[Bug target/89822] self mov on x86_64 and not optimized-out sub on ARM/ARM64 in a jump table switch

Tue Aug 3 01:32:31 GMT 2021

https://gcc.gnu.org/bugzilla/show_bug.cgi?id=89822

Andrew Pinski <pinskia at gcc dot gnu.org> changed:

           What    |Removed                     |Added
----------------------------------------------------------------------------
         Resolution|---                         |INVALID
             Status|UNCONFIRMED                 |RESOLVED

--- Comment #2 from Andrew Pinski <pinskia at gcc dot gnu.org> ---
I don't see anything wrong with what is currently done.

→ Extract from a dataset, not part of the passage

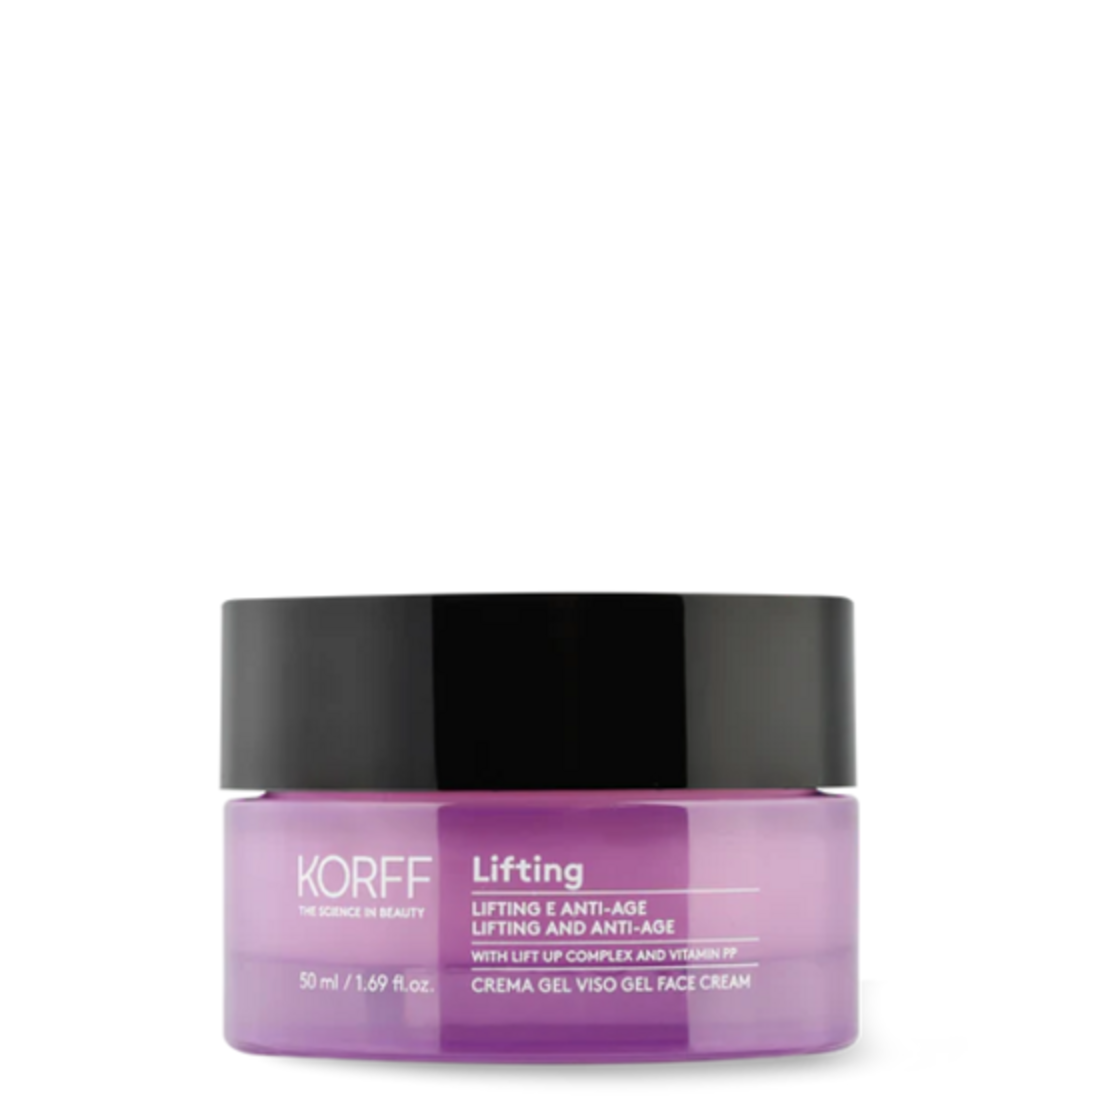 korff-lifting 40-76 gel face cream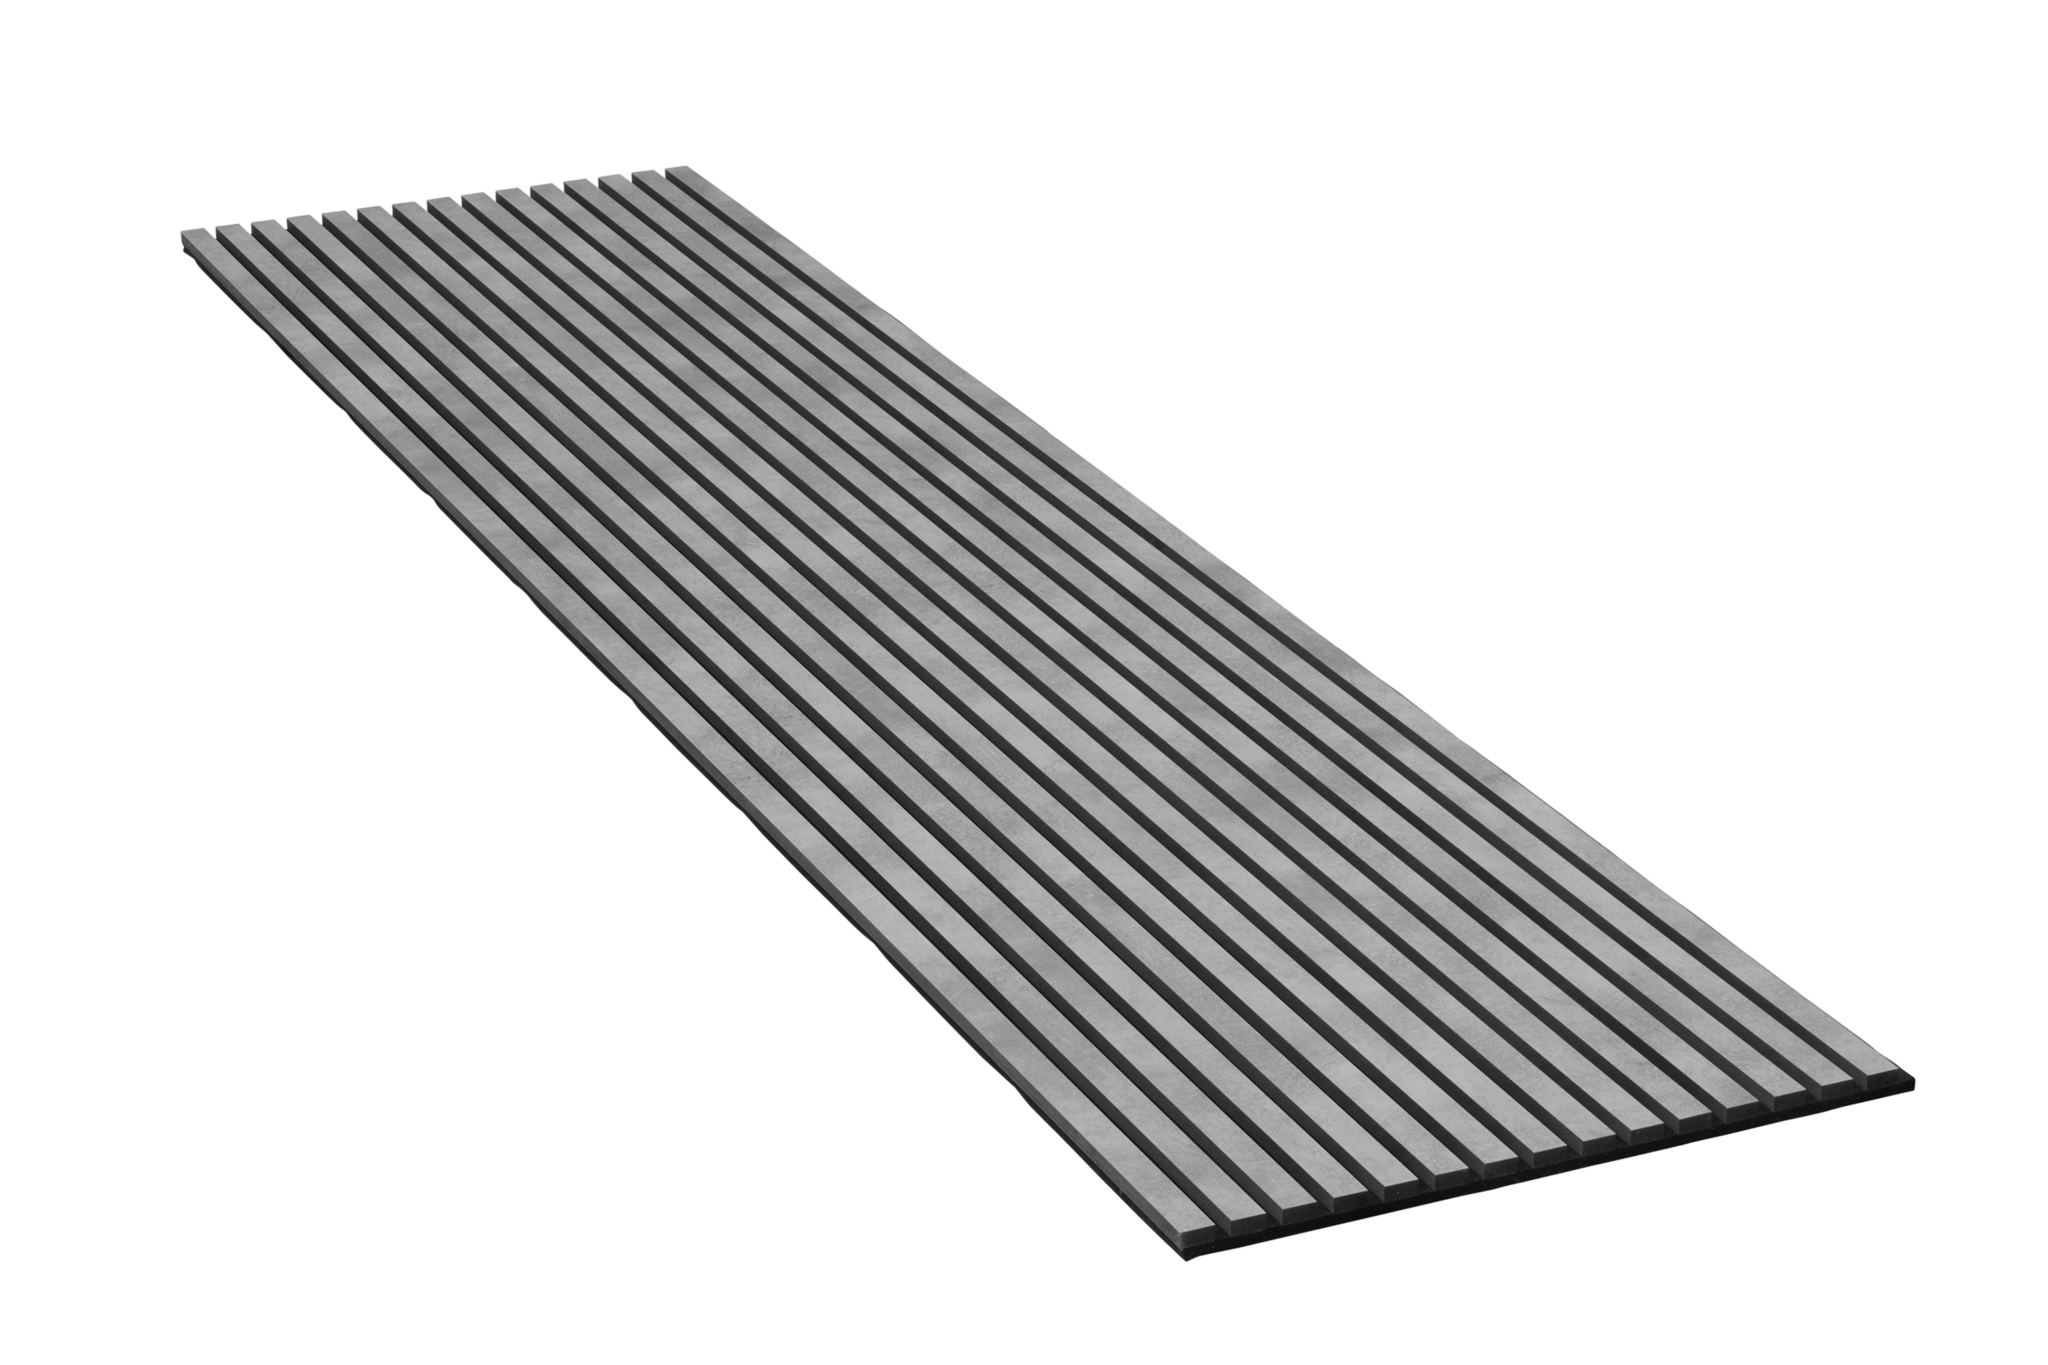 Panel decorativo Sticks (Roble gris, 2,5 m x 3,45 cm x 9 mm, 4 ud.)

aarch64 cost for a jump table is very high which causes the jump table not be
generated.  indirect jumps on some/most aarch64 cores are not very predictable
so GCC tries to avoid them.

Note with clang, the x86_64 code has:
addl    $-1, %edi
Which is also a zero extend.
GCC is not subtracting one as it was trying to avoid an instruction.
If change the argument type to long, gcc will not produce the zero_extend and
produce better code than clang (the table size one element bigger but does that
matter I doubt it).

If you add 100 to each of the case statements (and change the type to long),
gcc still produces better code than clang:
        jmp     *.L4-808(,%rdi,8)
vs
        addq    $-101, %rdi
        jmpq    *.LJTI0_0(,%rdi,8)